When duckdb.connect() is called in a parent process (e.g., a FastAPI/uvicorn server), and a child process is later created via multiprocessing.Process using the default fork start method, calling duckdb.connect() in the child process raises:
RuntimeError: thread::join failed: No such process
or in some cases, depending on timing:
RuntimeError: Invalid argument
This looks like it occurs because fork() copies DuckDB's global state into the child process, where that state is invalid. fork() only duplicates the calling thread— other threads from DuckDB's internal thread pool don't exist in the child, so joining them fails.

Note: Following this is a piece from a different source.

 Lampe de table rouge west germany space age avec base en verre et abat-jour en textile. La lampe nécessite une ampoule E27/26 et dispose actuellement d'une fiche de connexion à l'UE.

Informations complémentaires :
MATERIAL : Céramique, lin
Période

It's worth noting that this doesn't seem to affect in memory connections, looks to be specific to motherduck connections
This is related to duckdb/duckdb#13079
To Reproduce
import multiprocessing as mp
import sys
import duckdb
MD_PATH = "md:?motherduck_token=<your_token>"
def child():
try:
conn = duckdb.connect(MD_PATH)
print(f"Child: {conn.execute('SELECT 1').fetchall()}")
conn.close()
print("Child: SUCCESS")
except Exception as e:
print(f"Child: FAILED - {type(e).__name__}: {e}")
sys.exit(1)
if __name__ == "__main__":
ctx = mp.get_context("fork")
conn = duckdb.connect(MD_PATH)
conn.execute("SELECT 1")
conn.close()
p = ctx.Process(target=child)
p.start()
p.join(timeout=30)
print(f"Exit code: {p.exitcode}")Note: This reproduces on Linux where fork is the default mp start method. On macOS, the default is spawn, which is not affected.

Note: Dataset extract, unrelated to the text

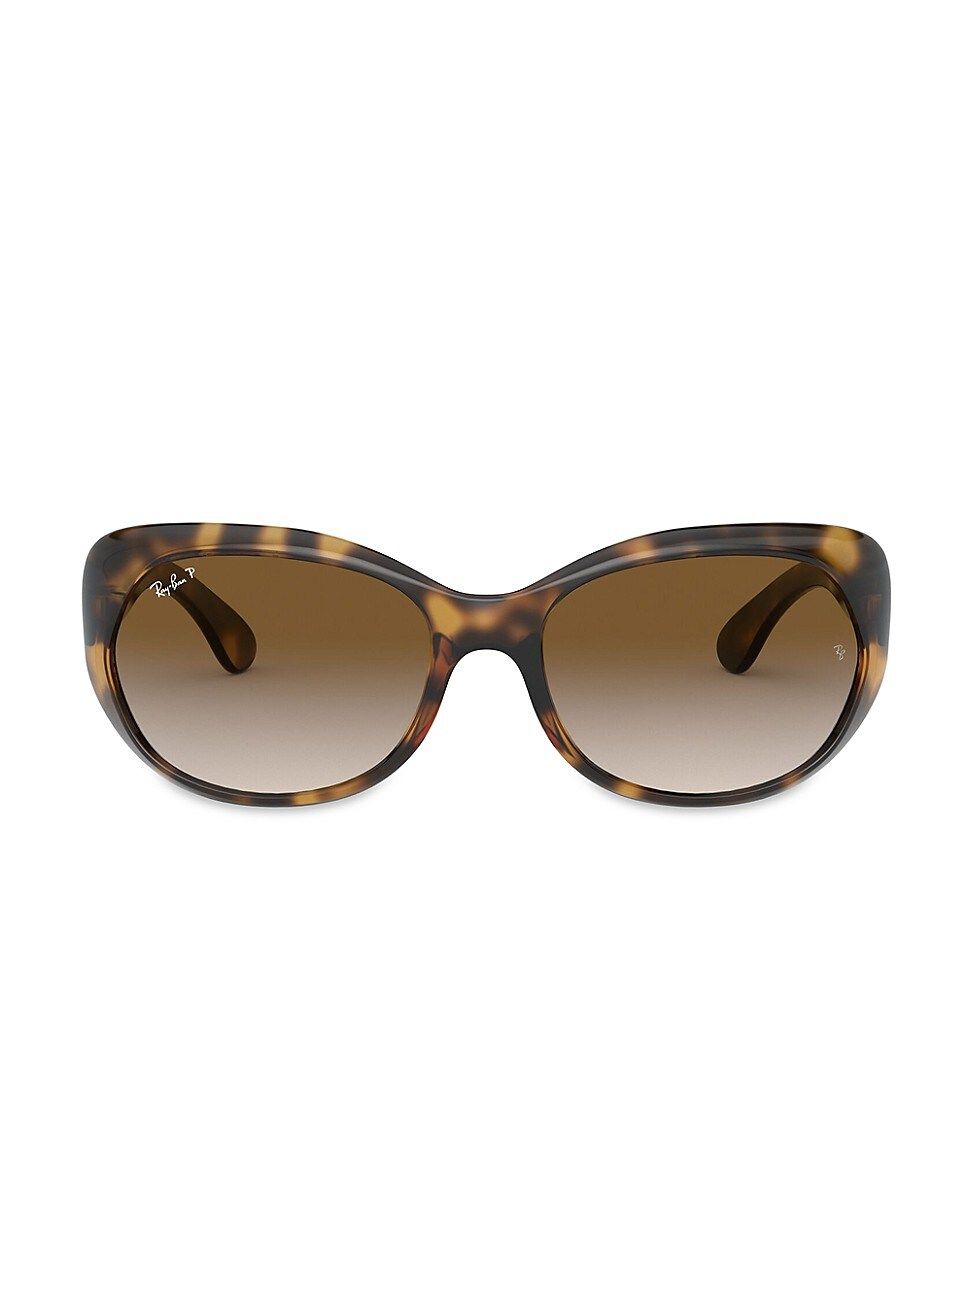 Women's RB4325 59MM Butterfly Sunglasses - Havana | Saks Fifth Avenue

To reprod on macOS, force fork:
mp.set_start_method("fork")
Workaround
Use forkserver or spawn start method instead of fork:
ctx = mp.get_context("forkserver") # or "spawn"
p = ctx.Process(target=child)OS:
macOS 26.2 (25C56)
DuckDB Package Version:
1.4.4
Python Version:
3.12
Full Name:
Mohammed Hussain
Affiliation:
Querio
What is the latest build you tested with? If possible, we recommend testing with the latest nightly build.
I have tested with a stable release
Did you include all relevant data sets for reproducing the issue?
Not applicable - the reproduction does not require a data set
Did you include all code required to reproduce the issue?
- Yes, I have
Did you include all relevant configuration to reproduce the issue?
- Yes, I have